John Byrne’s TV choices for the week ahead (Dates covered: Sat Mar 01 - Fri 07)
The Oscars is the obvious attraction – but there’s a lot of new and returning shows on offer this week as well as farewells to Quirke, Fleming and Death in Paradise.
Pick of the week
The 86th Annual Academy Awards, Sunday/Monday, Sky Movies Oscars
It’s the ultimate star-studded night out as the Academy Awards turns a quarter-mile of the otherwise grubby Hollywood Boulevard into one big red carpet area. The 86th awards takes place in its latter-day home, the Dolby (nee Kodak) Theatre, at the Hollywood and Highland Centre, just beside Grauman’s Theatre, the cinema where so many stars have made a lasting impression in the cement slabs outside. Sky are showing the full ceremony exclusively live on Sunday night/Monday morning, with Alex Zane in the studio to dissect the action with special guests actress Emilia Fox, comedian Ben Miller and film critic Boyd Hilton. Great if you've got the stamina, an interest in Sound Editing and Make-up & Hairstyling categories, and Monday off - but most folk would probably take the highlights on Monday night on RTÉ Two. It’s not that important to know everything that happens, as soon as it happens. Even the Oscars.
Star of the week
Hector Ó hEochagáin
Hector Goes, Monday, RTÉ One
He may have departed from 2fm, but Hector Ó hEochagáin is far from finished with the format that first made him famous: television. The Navan man initially came to the attention of Irish viewers with his travelogue programme Amú on TG4, and in the intervening years he’s won several Irish Film and Television Awards (IFTAS) for his TV work, while also presenting various radio programmes. Next Monday sees him back on RTÉ One presenting the second season of Hector Goes. Last year viewers saw him go Holy, Traveller, Country and Hunting – and this time around he begins on a rather relaxed note as he goes fishing. Hector goes to sea, talks quotas and even engages with the Spanish trawlers on his seafaring journey.
Starting this week
Rake, Universal, Thursday
Okay, this one may seem quite obscure but we are trying to guide you through the dizzying world of mega-multi-channel land. Rake is an American comedy-drama television series that’s an adaptation of the Australian series of the same name, both of which were created by Peter Duncan, an Australian film director and screenwriter. The show stars Greg Kinnear as Keegan Deane, a criminal defence lawyer whose personal problems and self-destructive behaviour has him battling wits and/or owing money to everyone around him. It’s got mixed reviews but should appeal to anyone who likes procedurals and was a fan of House. Gotta be worth a look . . . and here's a trailer:
Also starting this week:
MasterChef Ireland, Tuesday, RTÉ One
Nick and Dylan welcome the first six cooks of the heats into the MasterChef kitchen as the series enters its third season and with a new-look format. In each of the four opening heats, six wannabe master chefs have just one hour to impress with their signature dish and earn their place in the next stage of the competition.
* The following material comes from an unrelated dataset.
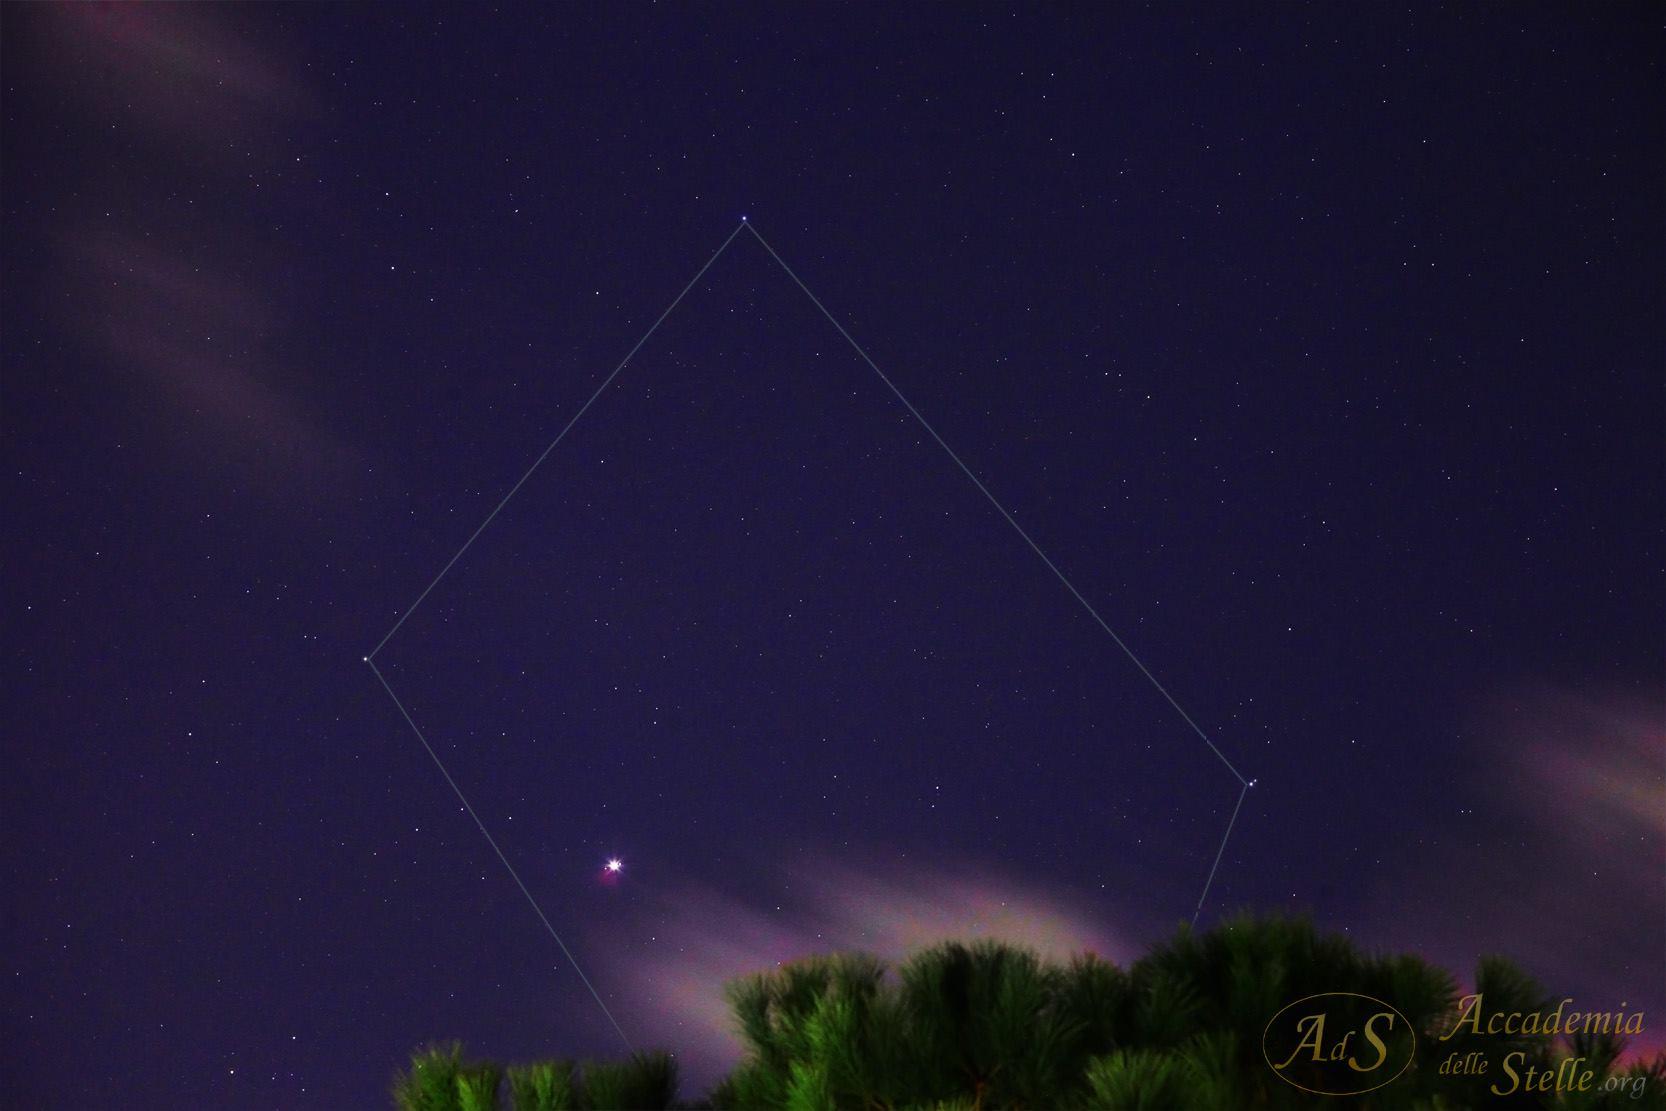 """Giove splende luminosissimo tra le nubi nel cielo di Roma come si vede in questa foto di Paolo Colona. Sull'immagine sono riportate le linee della costellazione della Bilancia, nella quale sta transitando Giove. Le stelle evidenzaite sono (da sx a dx): Gamma Librae, Beta Librae (Zubeneschamali) e Alfa Librae (Zubenelgenubi). Fuori dal campo, invisibile, Sigma Librae. Le due """"stelline"""" che si vedono vicinissime a Giove sono Callisto a sinistra e Ganimede quasi attaccato a destra. Sei secondi di posa a focale di 104 mm, f/63, 6400 ISO."""

Revolution, Saturday, Sky 1
Back for the balance of season two, this rather confusing sci-fi caper about a non-electric, post-apocalyptic future rejoins Miles Matheson (Billy Burke) and co on the brink of an unexpected mission. It’s not LOST, but I am.
Googlebox, Friday, Channel 4
The TV review comedy series returns with Caroline Aherne once again providing commentary as various characters react to popular and topical TV shows.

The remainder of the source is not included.